Throughout the project we had a numerous amount of student work, which is summarized here.
Andreas Jacobsen Lepperød: Air Quality Prediction with Machine Learning
Abstract: In recent years, air quality has become a significant environmental health issue due to rapid urbanization and industrialization. Because of the impact air quality has on people’s everyday life, how to predict air quality precisely, has become an urgent and essential problem. Air quality prediction is a challenging problem with several complicated factors with additional dependencies among them. We target our air prediction study to the city of Trondheim, Norway. The air quality in Trondheim is on average at a healthy level, but has periods of high variations of severe pollution, especially in the winter months. The study demonstrates the benefits of machine learning for predicting air pollutants general pattern, and to foresee sudden spikes of a high pollution level. This paper explores a multivariate time series approach to modeling and forecasting the pollution of PM2.5, PM10, and NO2 at three air quality stations. This study is concerned with combining data of pollutants, meteorological, and traffic data with statistical temporal-spatial feature engineering, to provide multi-step-ahead air quality forecasts for 24 and 48-hours.

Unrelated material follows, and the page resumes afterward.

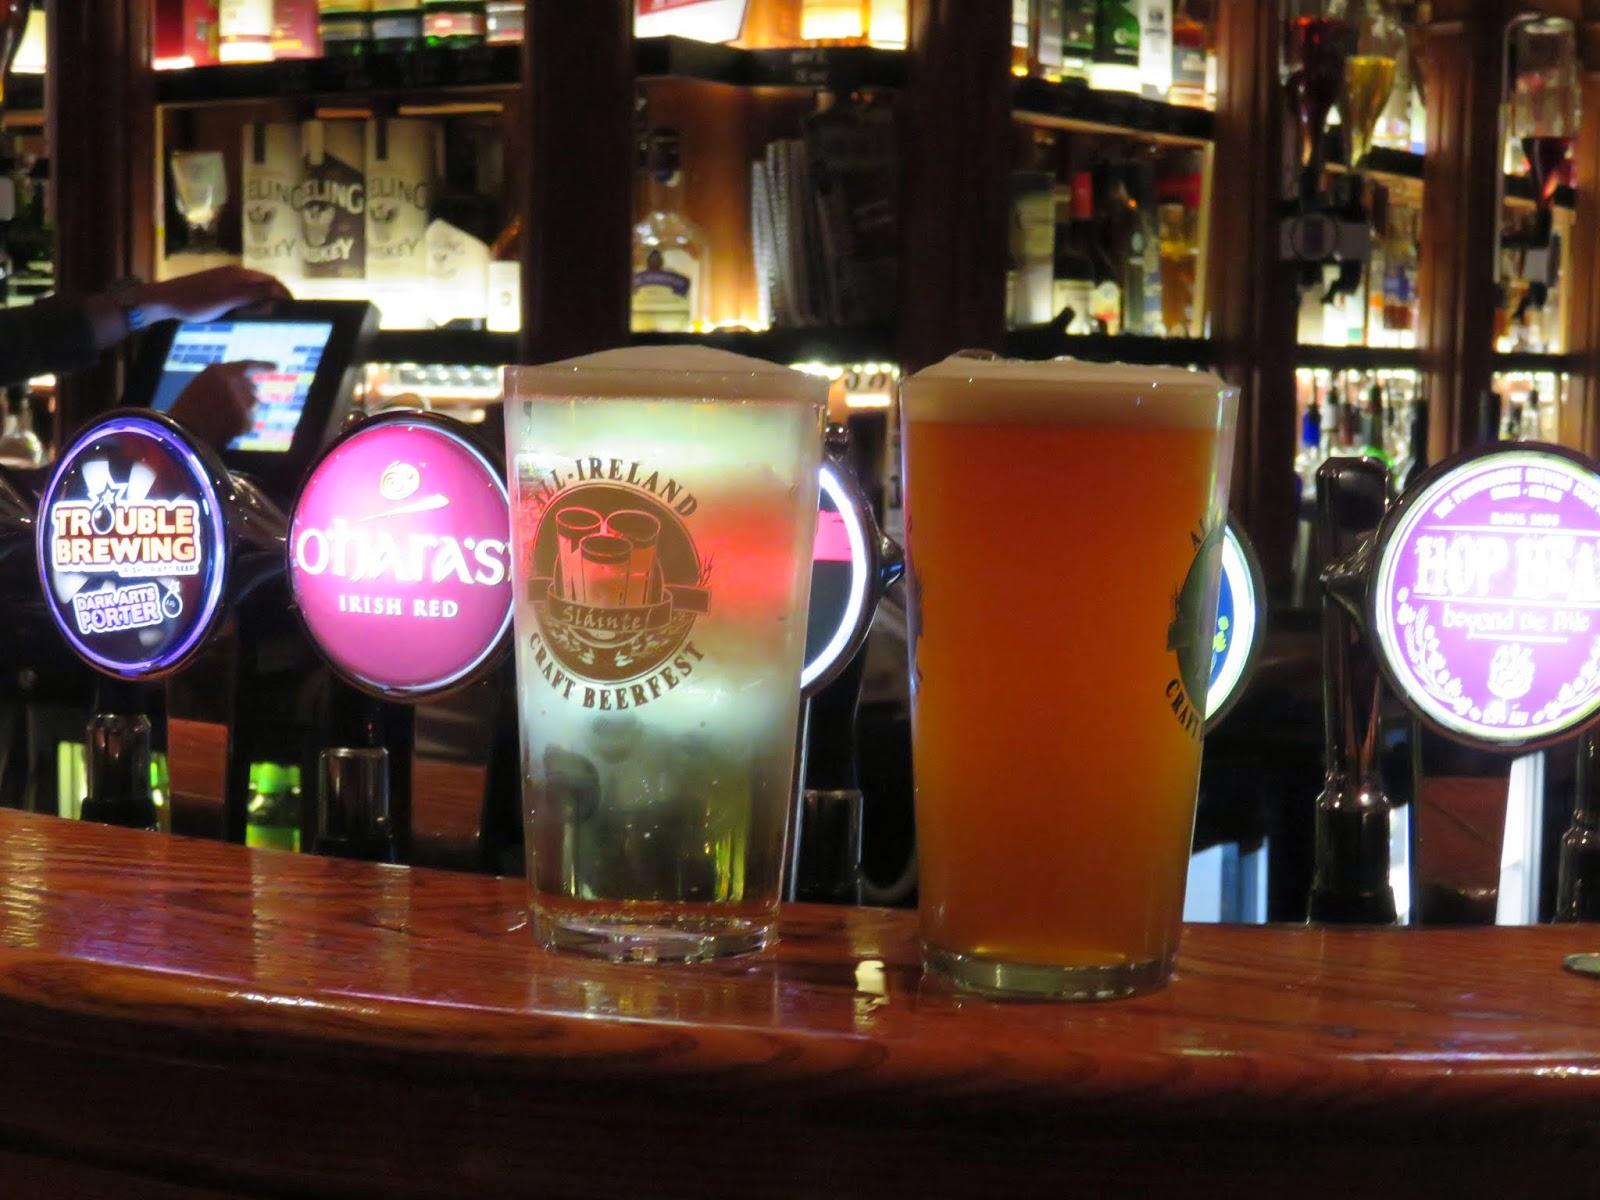 Irish Craft Beer Taps at 57 The Headline in Dublin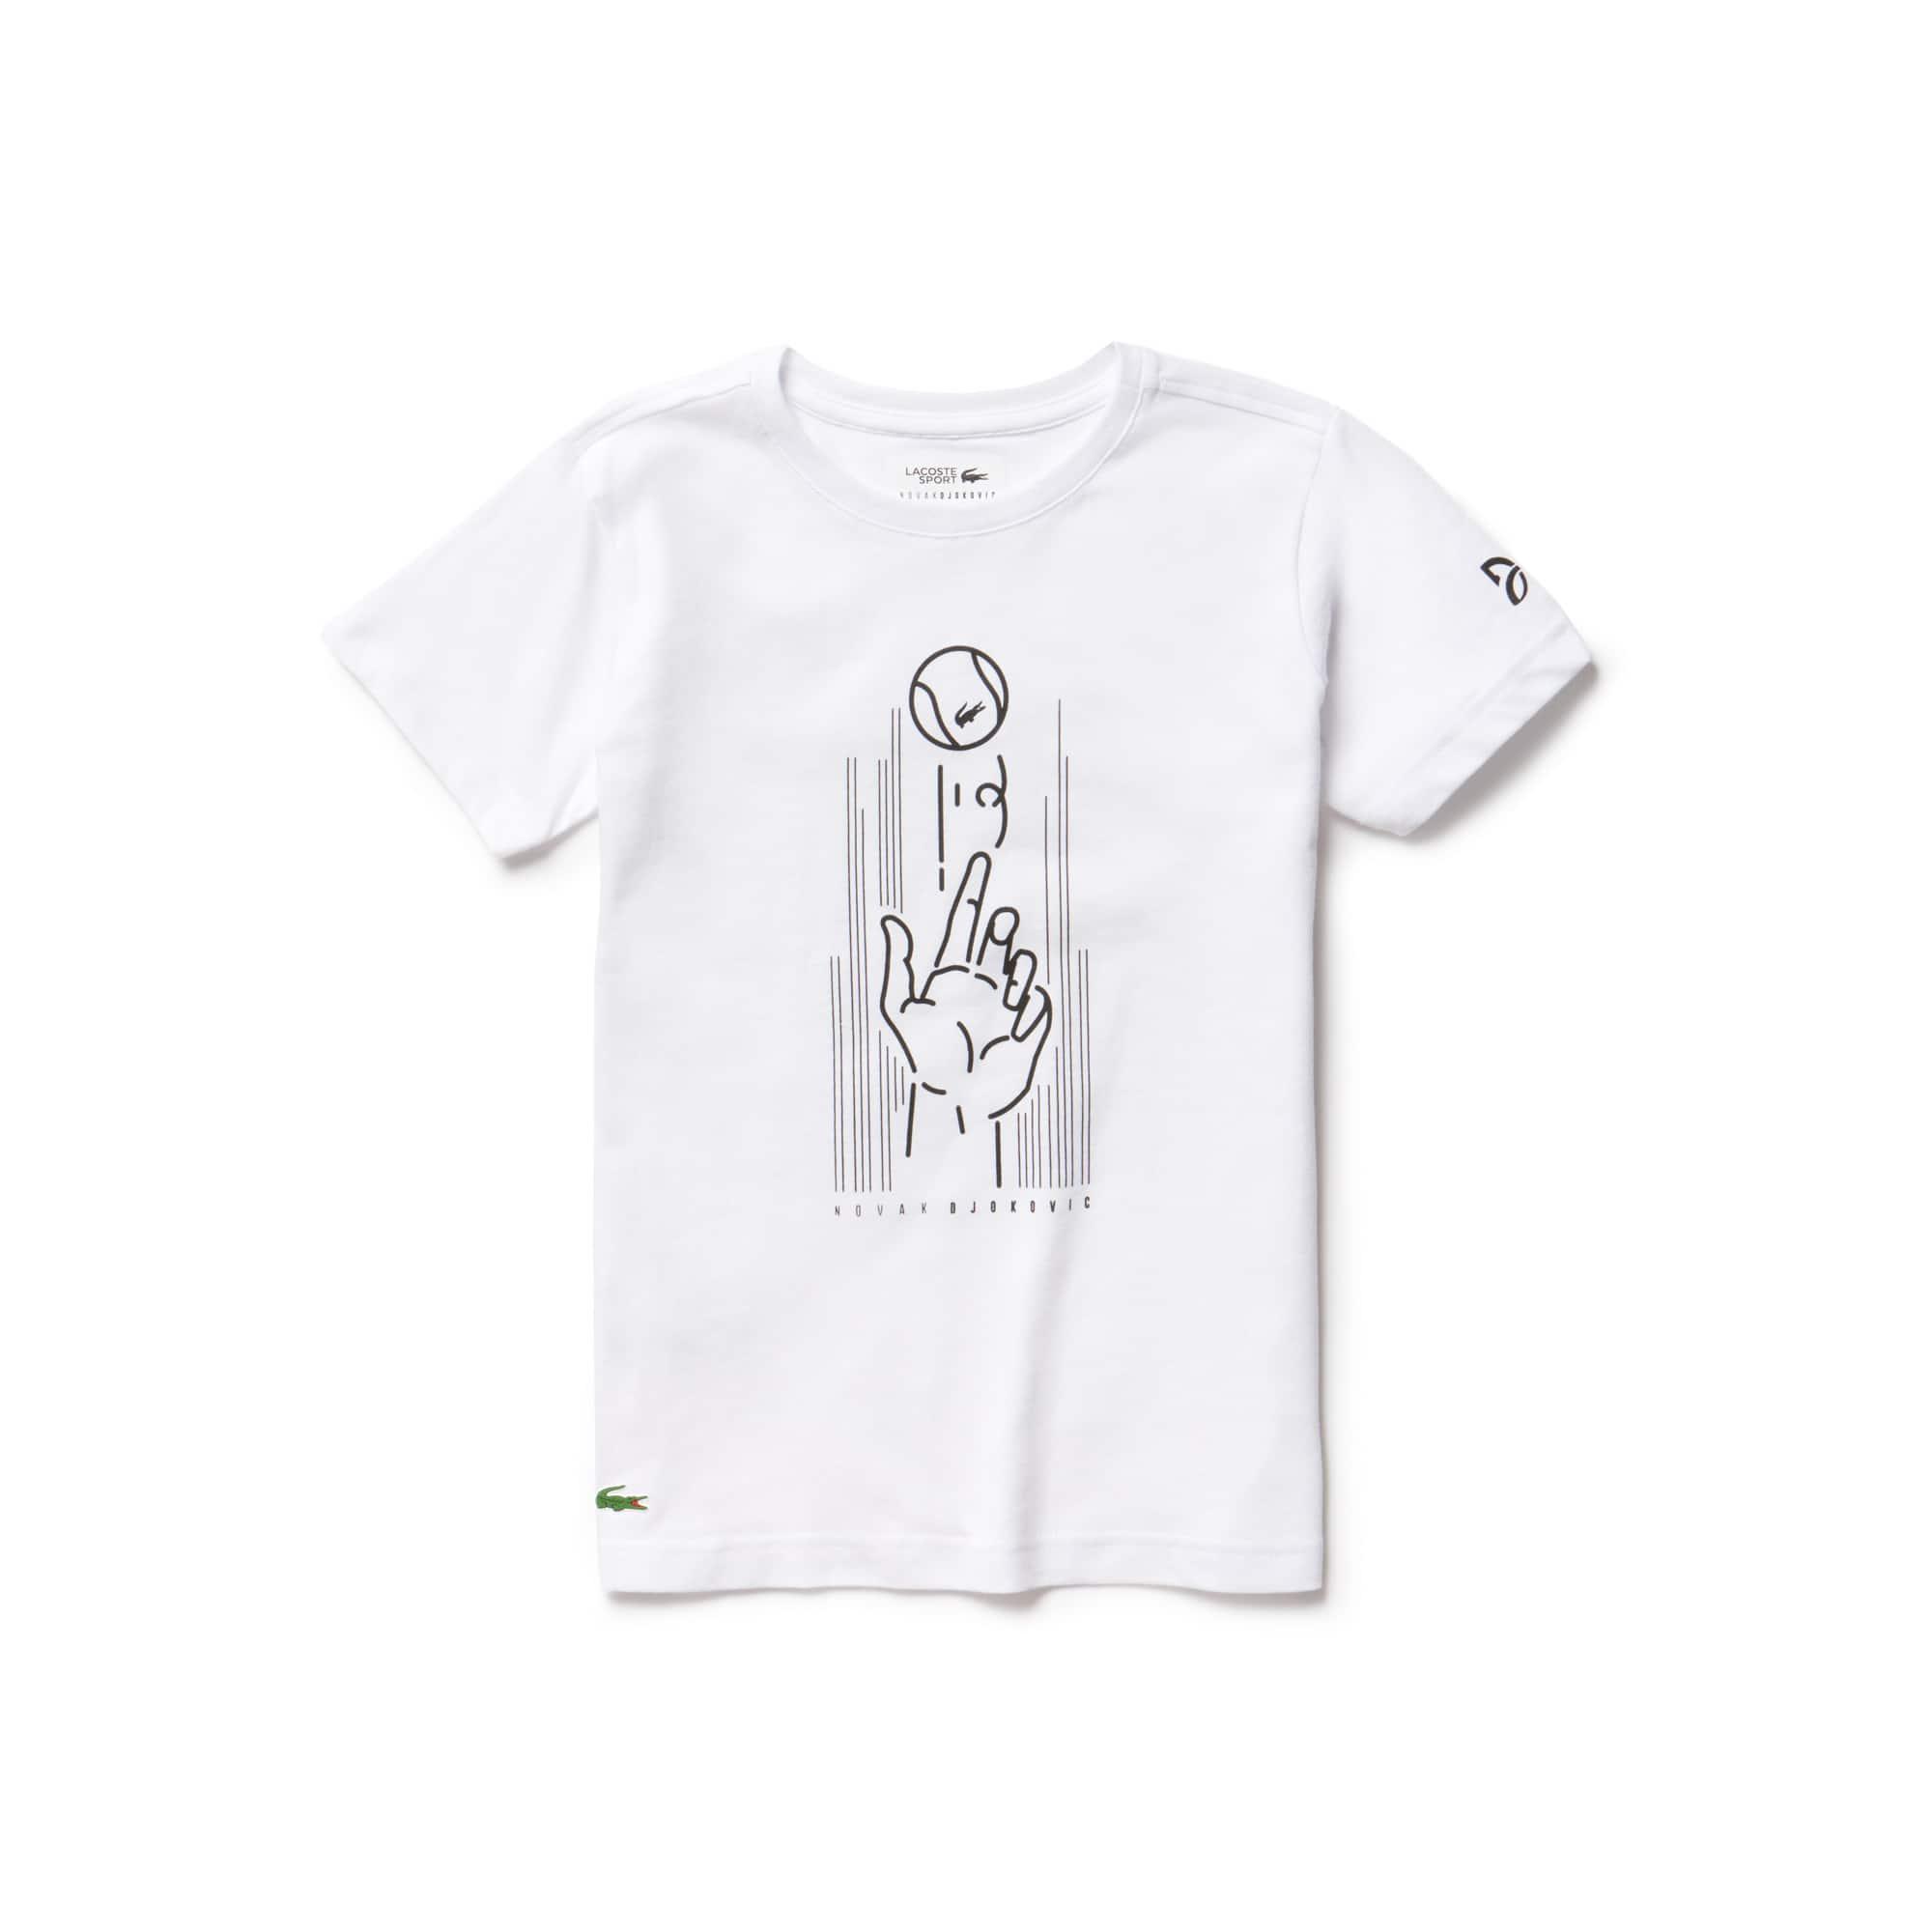 Jungen Jersey T-Shirt mit Aufdruck LACOSTE SPORT NOVAK DJOKOVIC

Extensive experiments of real-time air pollution illustrate the effectiveness of machine learning to forecast air pollutions in terms of general pattern and sudden changes. Results express that ensemble techniques could significantly improve the stability and accuracy of predicting the general trend of air quality. Among the ensemble techniques, using gradient boosting with dropouts results in prediction errors with the lowest deviation. In the case of predicting sudden changes in air pollution, using a recurrent neural network with a memory unit results in the highest accuracy of classified spikes. Lastly, the machine learning results were compared with the national air quality service, a knowledge-driven model, to evaluate real-world practice. The predictions of general pattern and anomalies of this thesis are shown to be superior for 24-hour, and more comparable results for the 48-hour forecast. The data-driven approach is thus believed to be an excellent complement for the knowledge-driven model.